Putting It All Together: A Word Frequency Analyzer

from collections import Counter


def word_frequency(text, top_n=10):
    """
    Analyze word frequency in a text.
    Returns the top_n most common words and their counts.
    """
    # Clean the text and split into words
    stop_words = {"the", "a", "an", "is", "in", "it", "to", "and",
                  "of", "for", "on", "are", "was", "that", "this",
                  "with", "as", "at", "be", "by", "from", "or"}

    words = text.lower().split()
    cleaned = [
        word.strip(".,!?;:\"'()-")
        for word in words
        if word.strip(".,!?;:\"'()-") not in stop_words
        and len(word.strip(".,!?;:\"'()-")) > 1
    ]

    counts = Counter(cleaned)
    total  = sum(counts.values())

    print(f"Total meaningful words: {total}")
    print(f"Unique words:           {len(counts)}")
    print(f"\nTop {top_n} words:")
    print(f"{'Word':<15} {'Count':>5} {'Frequency':>10}")
    print("-" * 33)

    for word, count in counts.most_common(top_n):
        freq = count / total
        print(f"{word:<15} {count:>5} {freq:>10.1%}")

    return counts


sample = """
Python is an interpreted high-level programming language.

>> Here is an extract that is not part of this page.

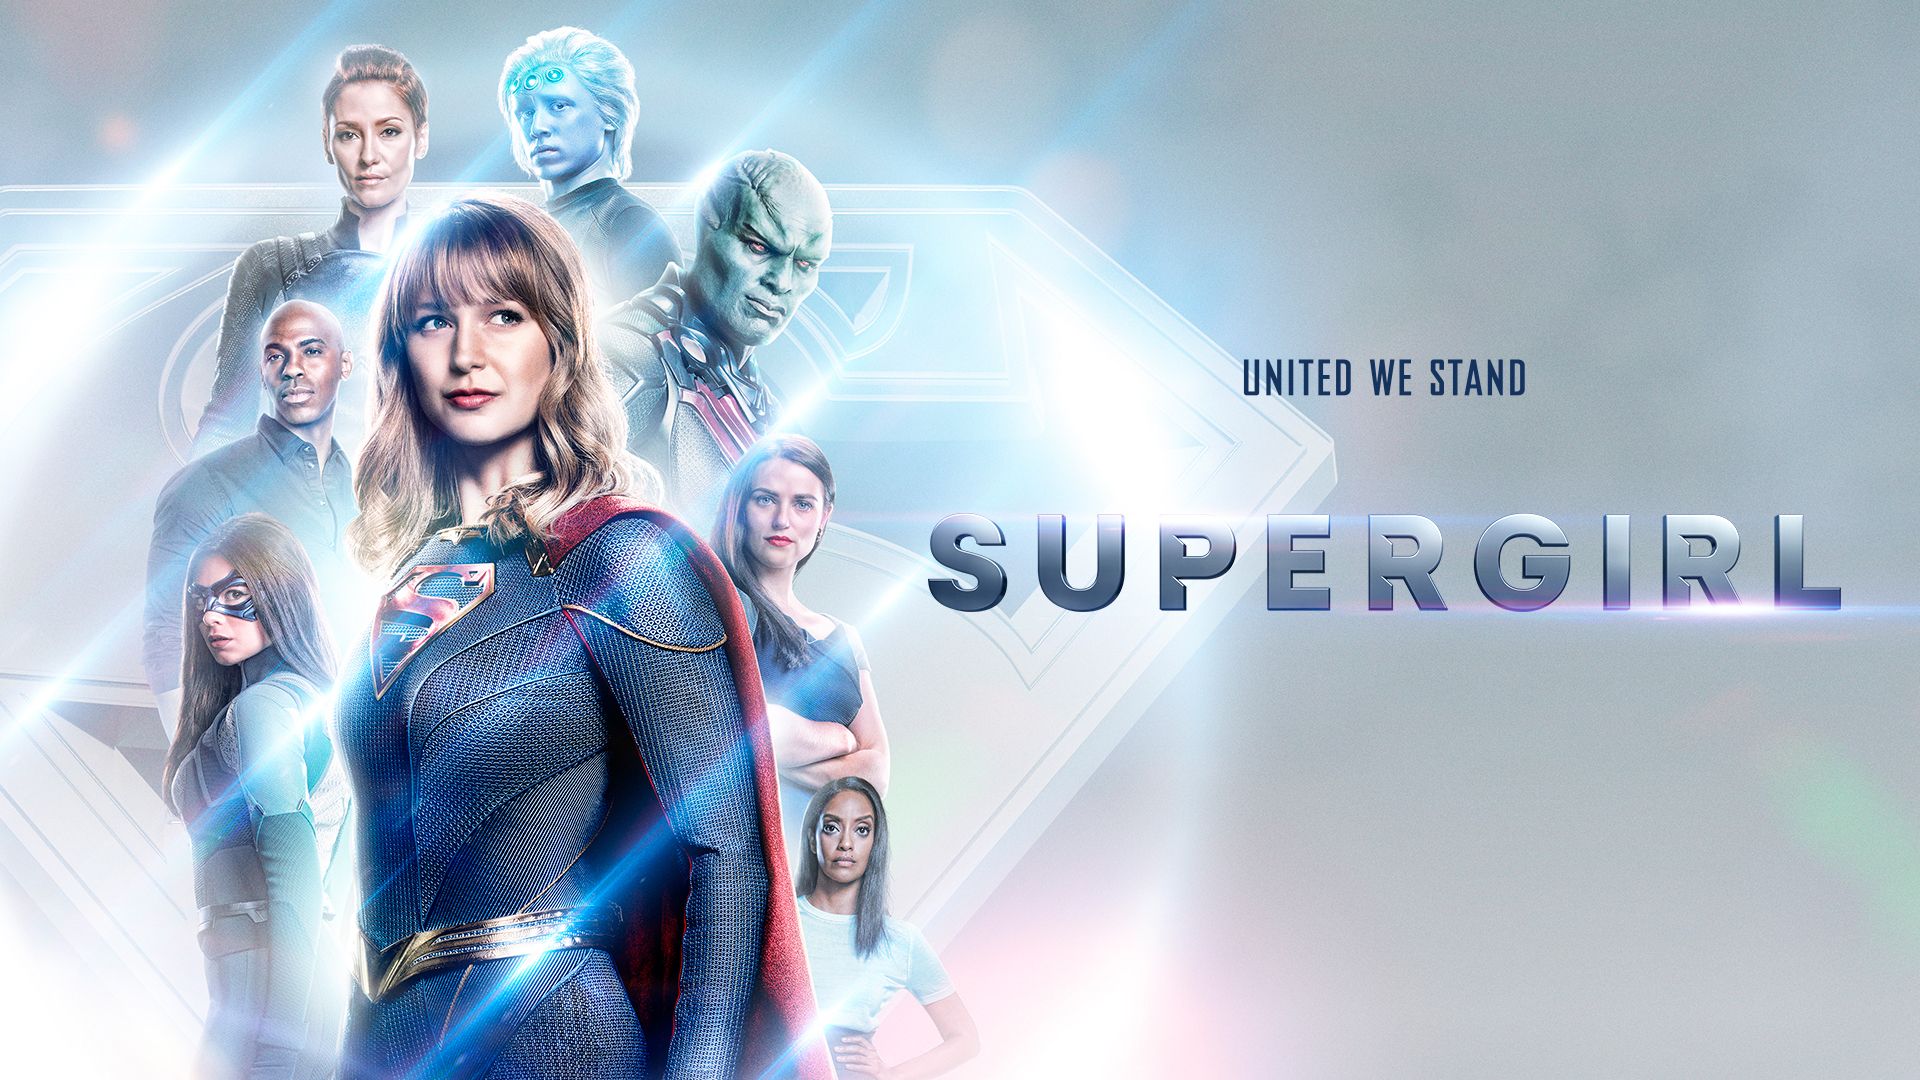 Supergirl Season 5 Wallpaper, HD TV Series 4K Wallpaper, Image, Photo and Background

Python's design
philosophy emphasizes code readability. Python is dynamically typed and
garbage-collected. It supports multiple programming paradigms, including
structured, object-oriented and functional programming. Python is often
described as a batteries-included language due to its comprehensive
standard library. Python is consistently ranked as one of the most popular
programming languages.
"""

frequency = word_frequency(sample, top_n=8)

Output:

Total meaningful words: 42
Unique words:           36

Top 8 words:
Word            Count  Frequency

python              5      11.9%
programming         3       7.1%
language            2       4.8%
design              1       2.4%
philosophy          1       2.4%
emphasizes          1       2.4%
code                1       2.4%
readability         1       2.4%

Counter, dictionary comprehension, f-string formatting, and loop unpacking — all working together.

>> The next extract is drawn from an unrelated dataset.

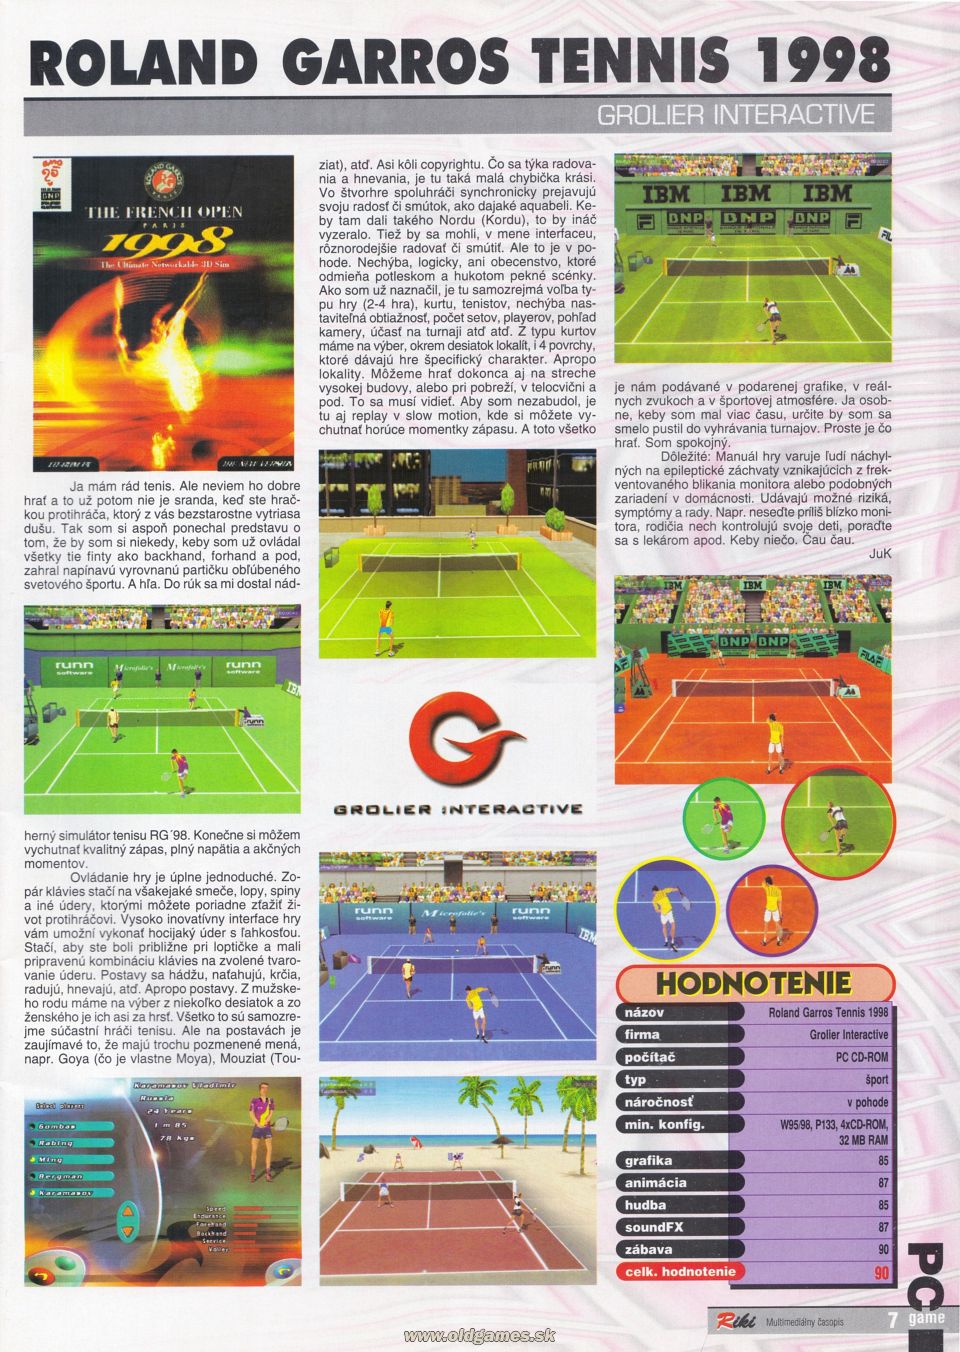 Rolland Garros Tennis 1998

What You Learned in This Chapter

• A dictionary stores key-value pairs using {key: value} syntax.
• Access values with dict[key] (raises KeyError if missing) or dict.get(key, default) (safe).
• Add or update: dict[key] = value. Delete: del dict[key] or dict.pop(key).
• Check membership: key in dict.
• Loop with .keys(), .values(), or .items() (most common — gives both).
• Nested dictionaries represent hierarchical data.
• Dictionary comprehensions: {k: v for k, v in iterable if condition}.
• The counting pattern: counts[word] = counts.get(word, 0) + 1.
• Counter from collections — instant counting with .most_common().
• defaultdict — auto-creates missing keys with a factory function.
• Merge dicts with | (Python 3.9+) or {**d1, **d2}.

What's Next?

You now have all five core Python data structures: strings, lists, tuples, sets, and dictionaries. Together they can represent almost any data you'll encounter.

But programs fail. Files don't exist. Users type the wrong thing. Network connections drop. In Chapter 13 you'll learn error handling — how to use try, except, finally, and raise to write programs that deal gracefully with problems instead of crashing. It's the difference between code that works in a demo and code that works in production.

Your turn: Write a program that reads a text file (you create it with a few paragraphs of any text), counts the frequency of every word using a Counter, and prints: the 10 most common words, the 10 least common words, the total word count, and the unique word count. Handle the case where the file doesn't exist with a friendly error message.